Freeing pipeline ...

1.4:

[gst-1.4][wim@wtay ~/gst/1.4]$ gst-launch-1.0 videotestsrc num-buffers=2000 ! video/x-raw,width=1920,height=1080,format=YUY2 ! videoscale ! video/x-raw,width=320,height=240 ! fakesink silent=1
Setting pipeline to PAUSED ...
Pipeline is PREROLLING ...
Pipeline is PREROLLED ...
Setting pipeline to PLAYING ...
New clock: GstSystemClock
Got EOS from element "pipeline0".
Execution ended after 0:00:06.979913540
Setting pipeline to PAUSED ...
Setting pipeline to READY ...
Setting pipeline to NULL ...
Freeing pipeline ...


It seems the orc optimizations can't make up for the reshuffling of the bytes we need to do first. Maybe we just need to put the C version that was in 1.4 (but that's not so nice).

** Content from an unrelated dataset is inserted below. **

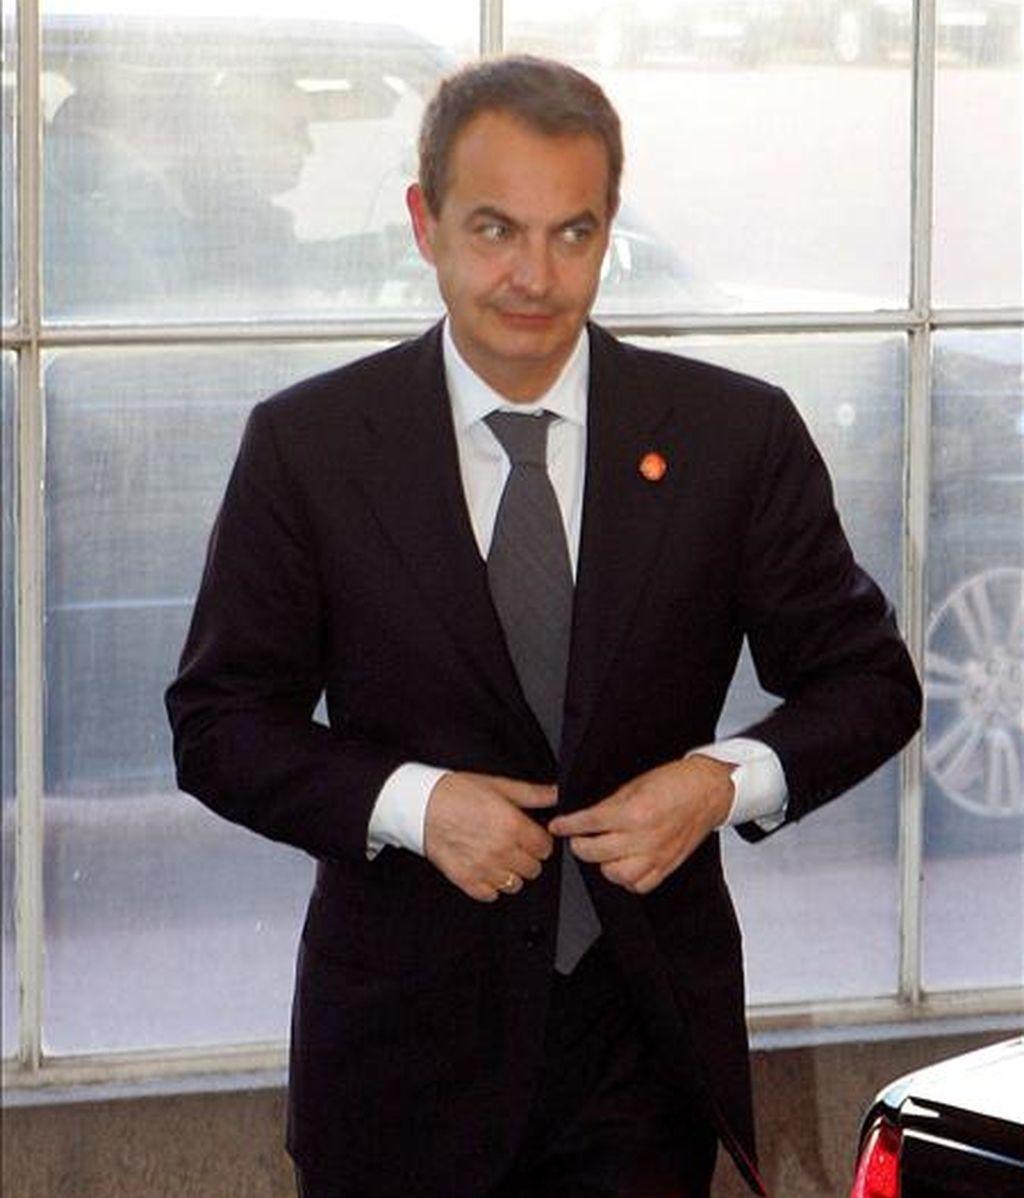 El líder del gobierno español, Jose Luis Rodriguez Zapatero, llega al Palacio de Buckingham en Londres (Reino Unido), para asistir a una recepción ofrecida por la Reina Isabel II previa a la Cumbre del G-20. EFE

commit f29b966c792811009b6e3613a59f6d7a58818020
Author: Wim Taymans <wtaymans@redhat.com>
Date:   Wed Jan 28 17:32:12 2015 +0100

    video-converter: add fast-path scaler for some packed YUV formats
    
    Add fast path scaling for YUY2 and other packed YUV formats. Add a new
    method to merge the scalers of the Y and UV components into one scaler.
    Add faster horizontal 2tap scaler.
    
    See https://bugzilla.gnome.org/show_bug.cgi?id=741987

commit 47bd6a138c04f66573754f66dcbaeb8d2aace17a
Author: Wim Taymans <wtaymans@redhat.com>
Date:   Wed Jan 28 17:30:53 2015 +0100

    videoscale: don't do dithering
Comment 13 Nicola 2015-01-28 17:18:44 UTC
here is the comparison between some formats:

- I420, git master perform better that 1.4
- YUY2, 1.4 win
- YV12, git master win
- UYVY, same performance
- NV21, does not work in 1.4
- NV12, git master win
- AYUV, 1.4 win
- RGB, 1.4 win, really great gap (7 secs vs 14 secs on my laptop)
- GRAY8, 1.4 win
- YVYU, 1.4 win
Comment 14 Nicola 2015-01-28 18:15:46 UTC
before 1.6 release would also be useful to do the same comparison tests on hardware different from x86_64, for example arm
Comment 15 Wim Taymans 2015-02-10 15:49:26 UTC
Created attachment 296519 [details]
current state
Comment 16 Wim Taymans 2015-02-11 15:52:10 UTC
Created attachment 296612 [details]
state on pandaboard

The current state on pandaboard
Comment 17 Nicola 2015-02-11 17:28:21 UTC
thanks for your efforts, performance seem not more so different now
Comment 18 Wim Taymans 2015-02-12 10:40:40 UTC
this also makes RGB15/RGB16/BGR15/BGR16 faster than 1.4

commit 45e408735c4c9e6f9259cc747d3aaf995f0505e5
Author: Wim Taymans <wtaymans@redhat.com>
Date:   Thu Feb 12 11:38:20 2015 +0100

    video-format: add orc function for RGB15/16 unpack
Comment 19 Wim Taymans 2015-03-04 15:04:18 UTC
More speedups in git. Let's close this now.